Welcome

Welcome to JFS School's official Blog. This is our third year of the blog and represents a chance for our new team of intrepid student journalists to write what's on their minds. The Autumn term’s blog theme focuses on “Inspiration” - so stay tuned for some fantastic creative writing.


Thursday 11 December 2014

INSPIRATION: Edinburgh Fringe

Anyone looking for inspiration in the summer holiday would do well to consider a visit to the Edinburgh Fringe.  Here you will find a huge choice of theatre, music and comedy.  You will also encounter exhibitions, street acts, a separate programme for children and a Book Festival.  There really is something for everyone.

I’ve been twice and I think it’s great.  Where else would you bump into Jacqueline Wilson in the loo just after you’ve stepped off the not-so-glamorous Easyjet flight from Luton?  Where else would you find yourself so close to Eddie Izzard that you can see his amazing multi-coloured nail polish?  And where else would you find yourself at the end of a very long queue standing next to Andrew Marr?  However, the Edinburgh experience is not just about name dropping.  Part of the fun is in running from one venue to the next and never quite knowing if the performance will be astonishingly brilliant or utter rubbish.  This summer I saw a performance by an acappella group called Voca People.  Now I should say that most of the acappella at Edinburgh is very samey.  It tends to consist of groups of university students or recent graduates hoping to be spotted by an agent and whisked off to fame and fortune.   These groups often have `Oxford’ in their title or have names like Out of the Blue.  Voca People was different.  Dressed head to toe in white morph like outfits and with their faces painted white, they looked like aliens.  Their voices, though, were incredible.  They had the capacity to make their voices sound like any and every musical instrument.  They also used highly original choreography which cleverly succeeded in injecting humour into their performance.  They were a slick and polished outfit and I’m genuinely surprised that they seem to have disappeared without trace since their Edinburgh triumph.

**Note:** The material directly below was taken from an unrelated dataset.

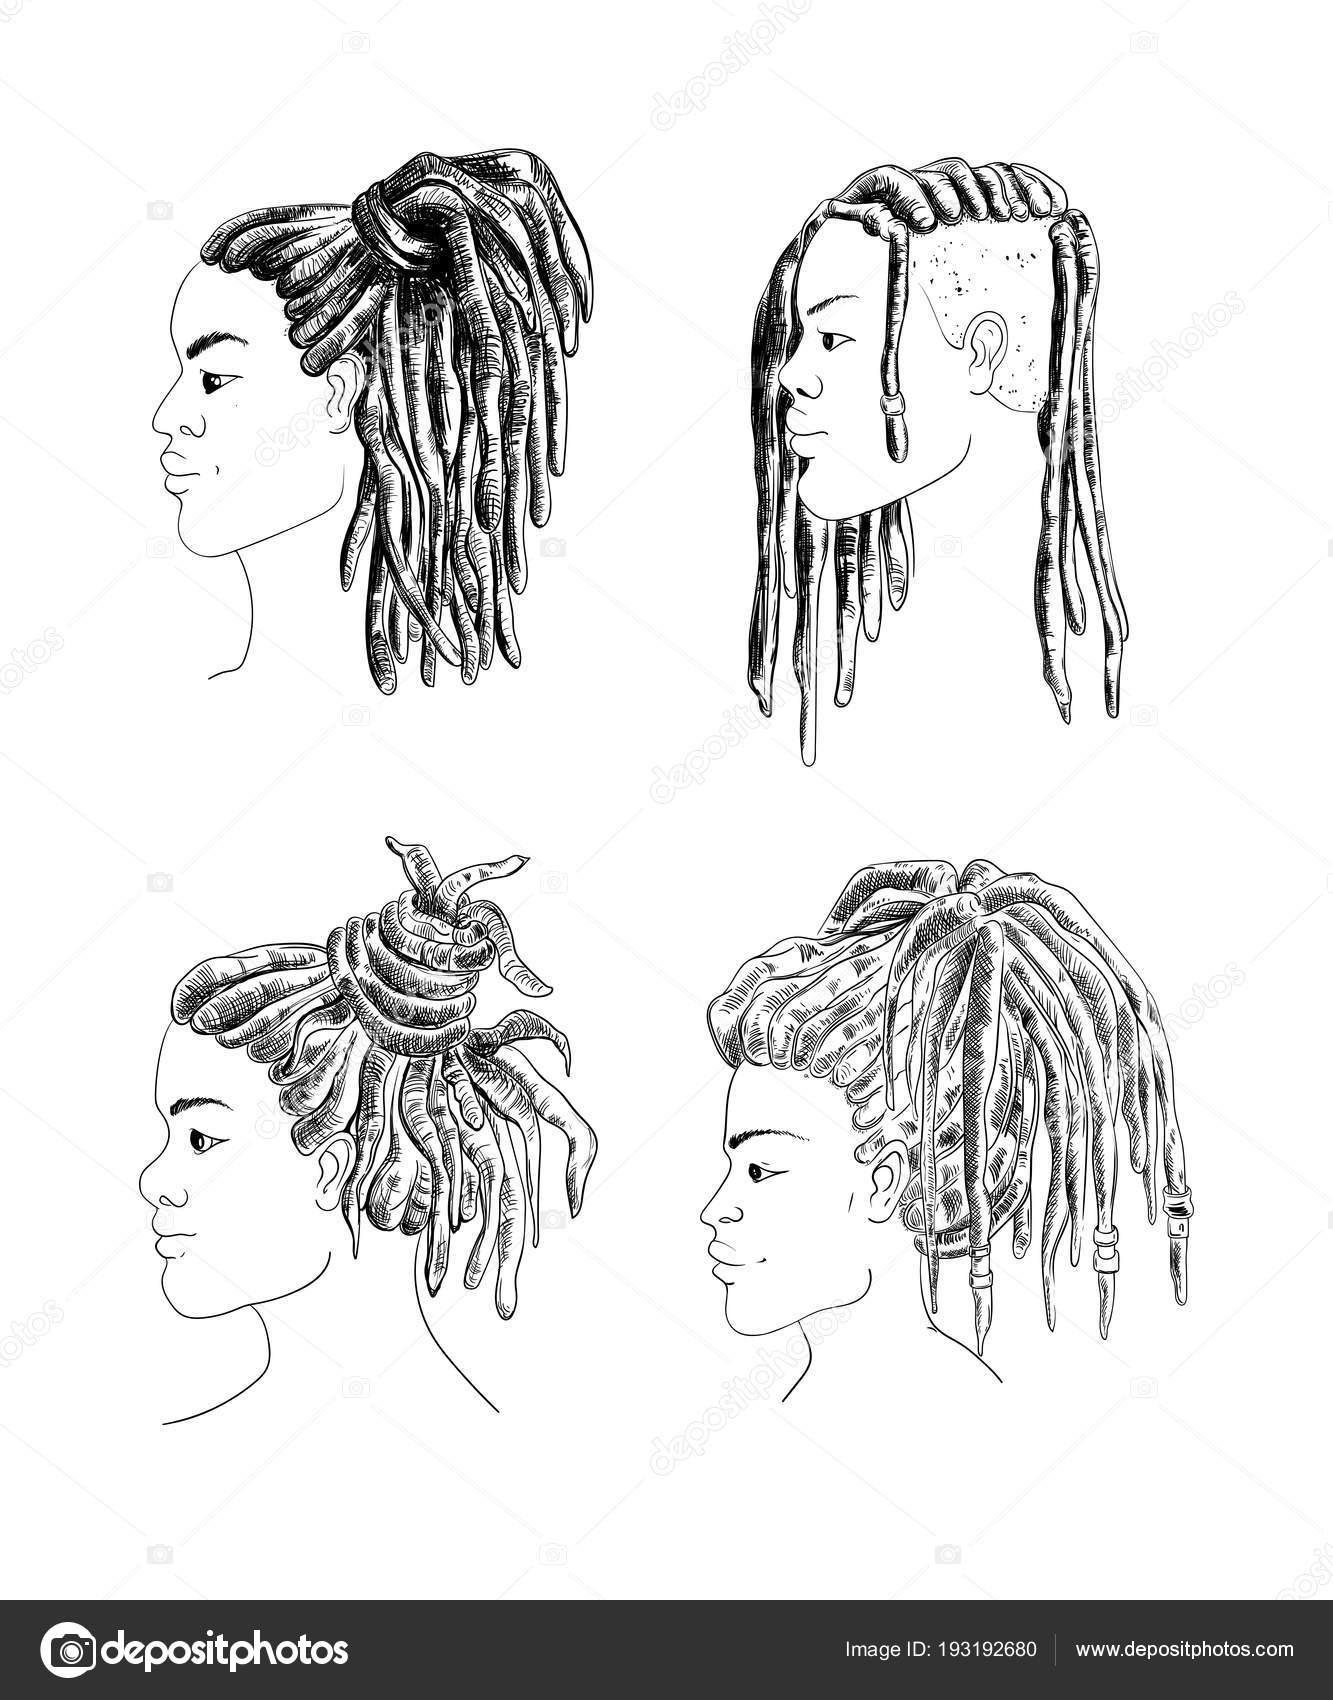 Imagenes Rastafari Para Dibujar - Wallpaperall à Dessin De Rasta

Some of the acts seem to come back year after year.  The first time I went I was really keen to see the so-called Amazing Bubble Show.  The Bubble Man has apparently been coming to Edinburgh for at least eight years.  The show was advertised as being for `eight to eighty years old’.  Let’s just say there were rather more school children than octogenarians in the audience!  The Bubble Man had a sophisticated sense of humour which was just as well because otherwise he might have had a theatre full of tantruming parents on his hands.  This year I saw the Bubble Man in the street in Edinburgh.  Obviously, this encounter cannot be compared to the celebrities mentioned above but it does show that you cannot stray far in Edinburgh in August without bumping into someone at least partially famous. 

When you tire of the live acts and street theatre you can seek some literary inspiration from the Edinburgh Book Festival.  The enormous tented area which houses this Festival is an oasis of everything literary amid the bustle of the Fringe. Grab a coffee and a deckchair and, if it isn’t raining, you can sit back and enjoy the latest offering from Margaret Atwood or Salman Rushdie.  Then, feeling intellectually fortified and perhaps a bit smug, you can venture back out onto the streets of Edinburgh for some serious retail therapy.